I would break down at night cry all my pain out with my mouth covered so that no one can hear me all because I thought I wasn't enough I had a lot of insecurities my body weight, my acne were my greatest insecurities. I couldn't reach my parents expectations that broke me more the fact that they always found faults in all I did made it worse I couldn't take it anymore. I would wait for everyone to fall asleep and I would cry for hours and the next day I would act as if am the most strong girl in the world. I would smile,  laugh all because I didn't want to worry my family.

   I had my friends though who were aware of my condition and always tried their best to make me feel special like Rahma, Abdulrahman, Sheilah and Patience  they really had my back and never left me a lone.

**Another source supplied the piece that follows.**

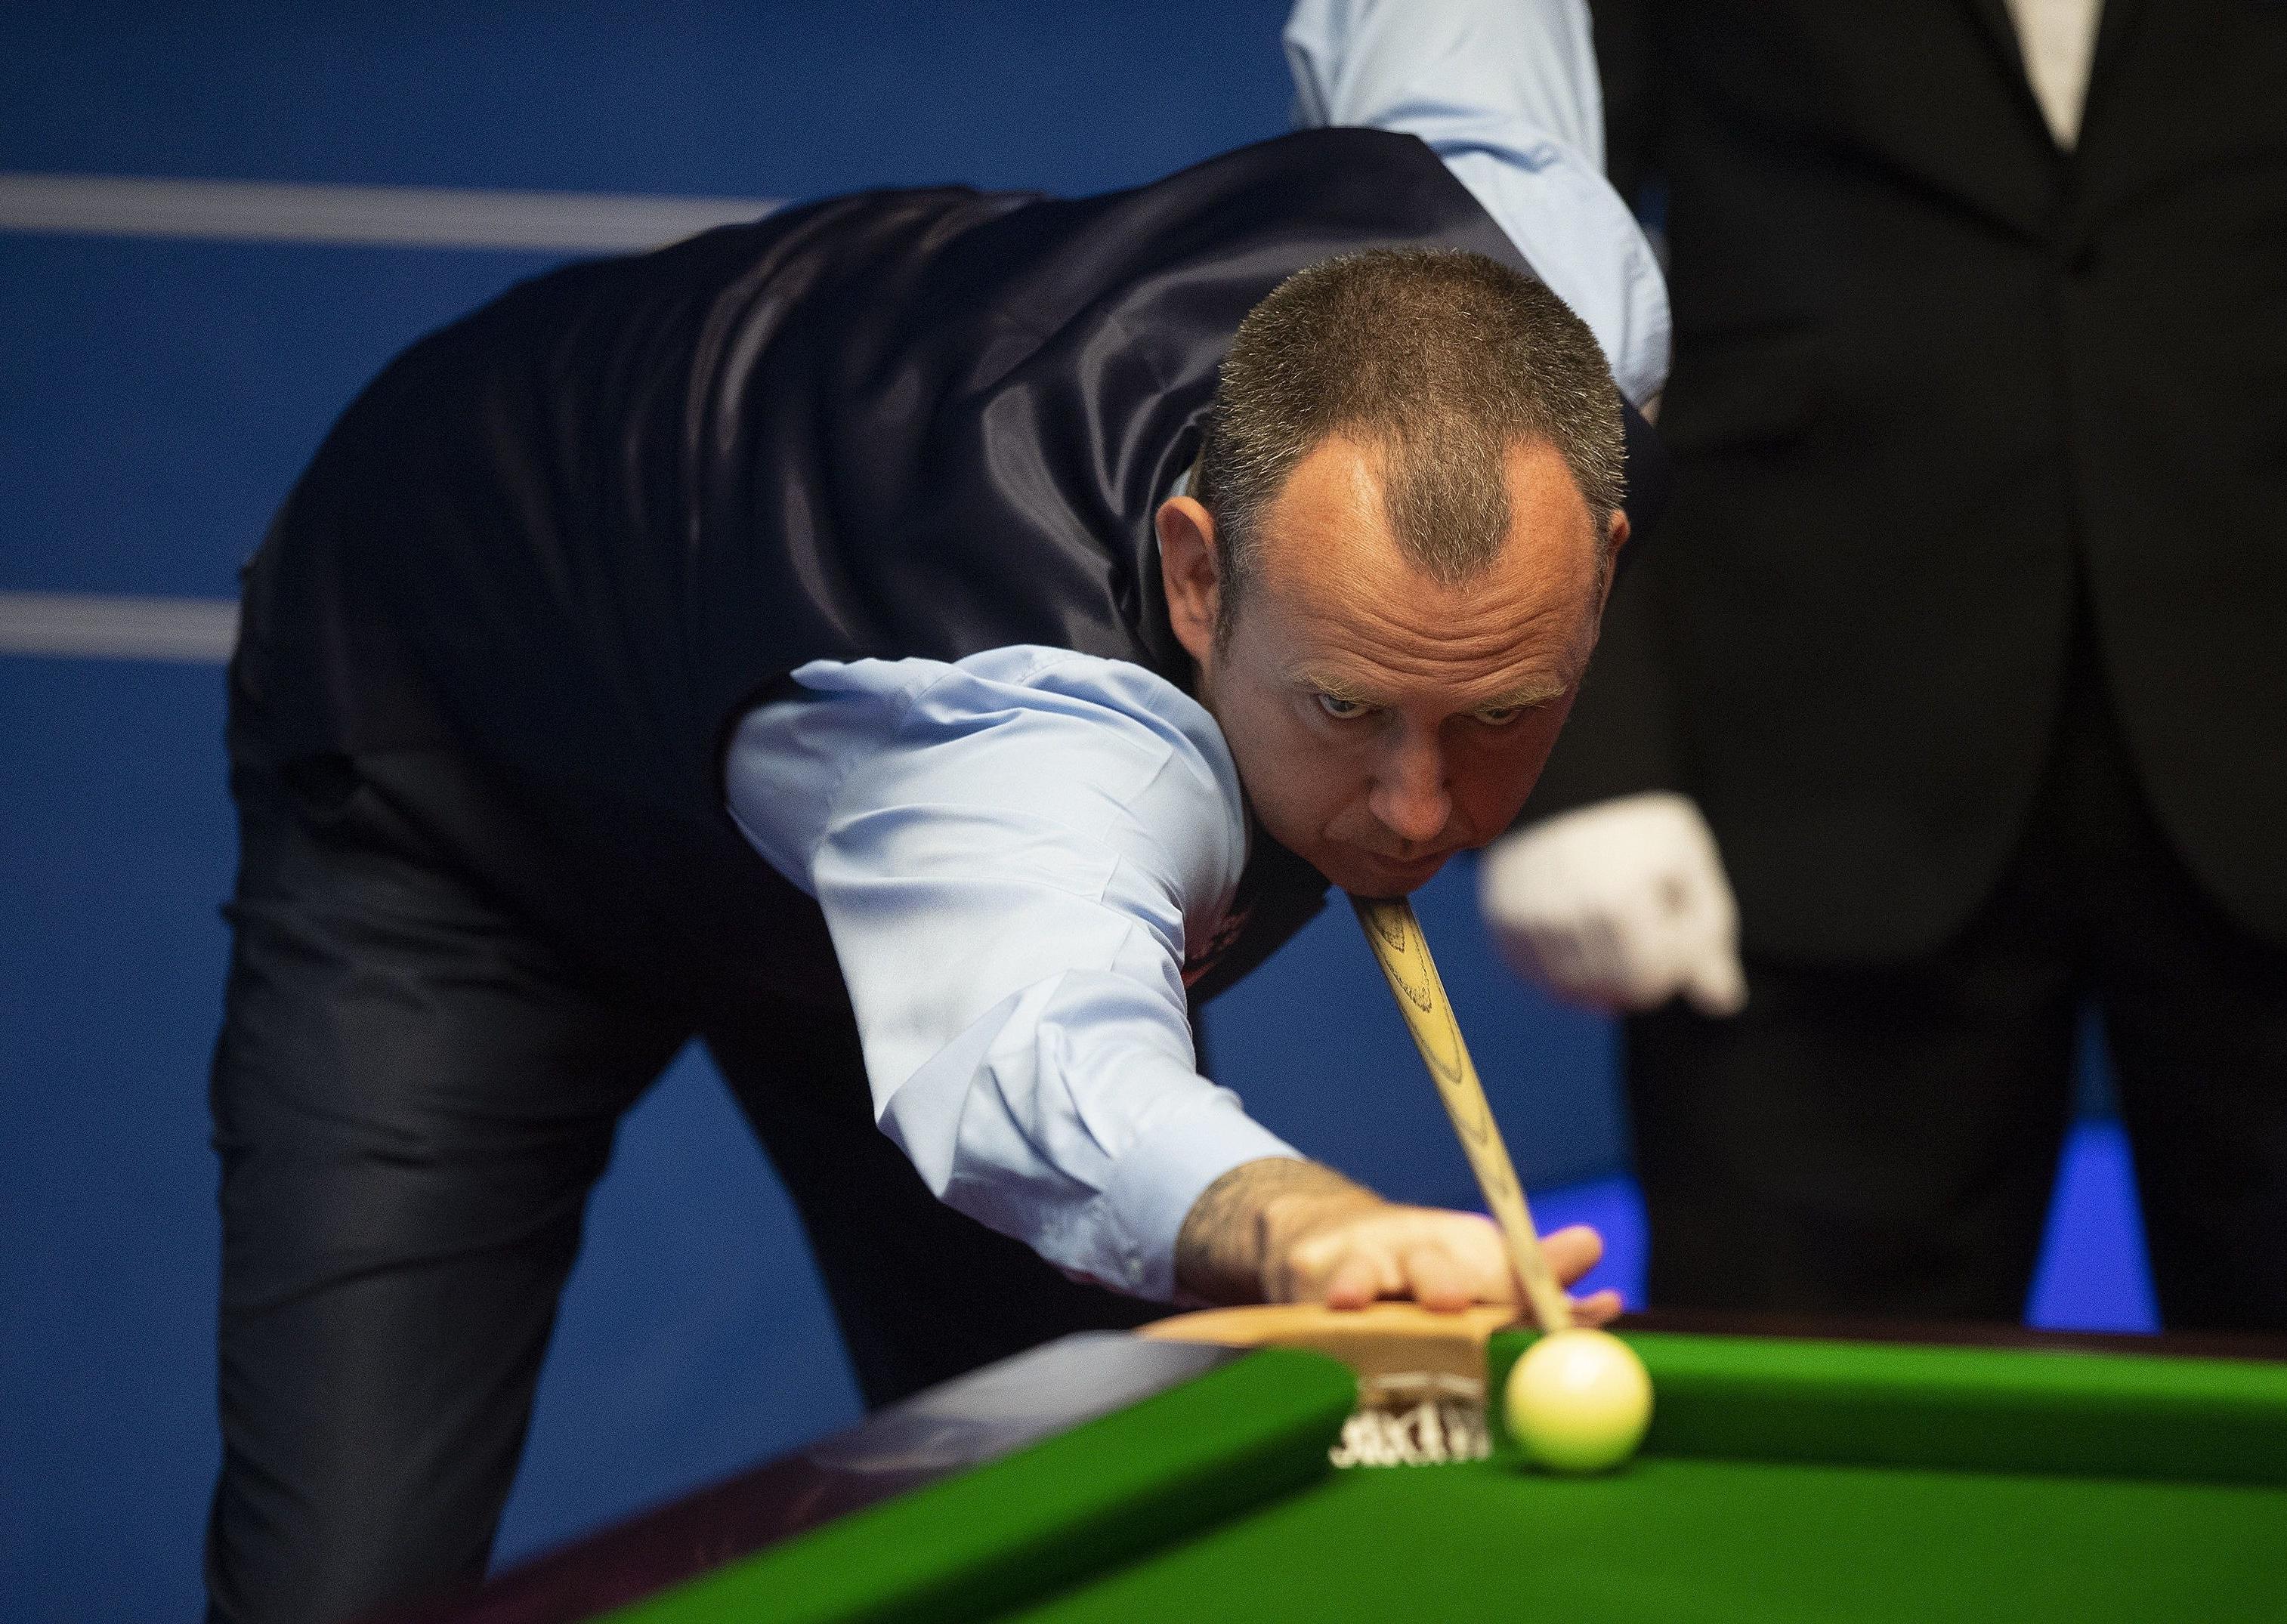 Mark Williams playing safe over World Championship chances

If you are facing depressional disorder please talk it out with your friends and please never let suicide run into your mind. In my religion we believe that belivers were created to go through hardships but that is not the end of the world rise up come back stronger than ever and whenever you try to make other people happy remember your also a person suicide is not a cure for depression but instead adds more pain to your loved ones. Get friends who will be there for u in saddness and happiness not only in happiness. Get a hobby, get closer to God because He wrote your fate even before you were born ask Him to make it easy for you .

Have a great time and may you be able to win the battle with depression.I believe you can and you will win this battle you just have to keep on fighting your way through all the hardships in life and you will make it.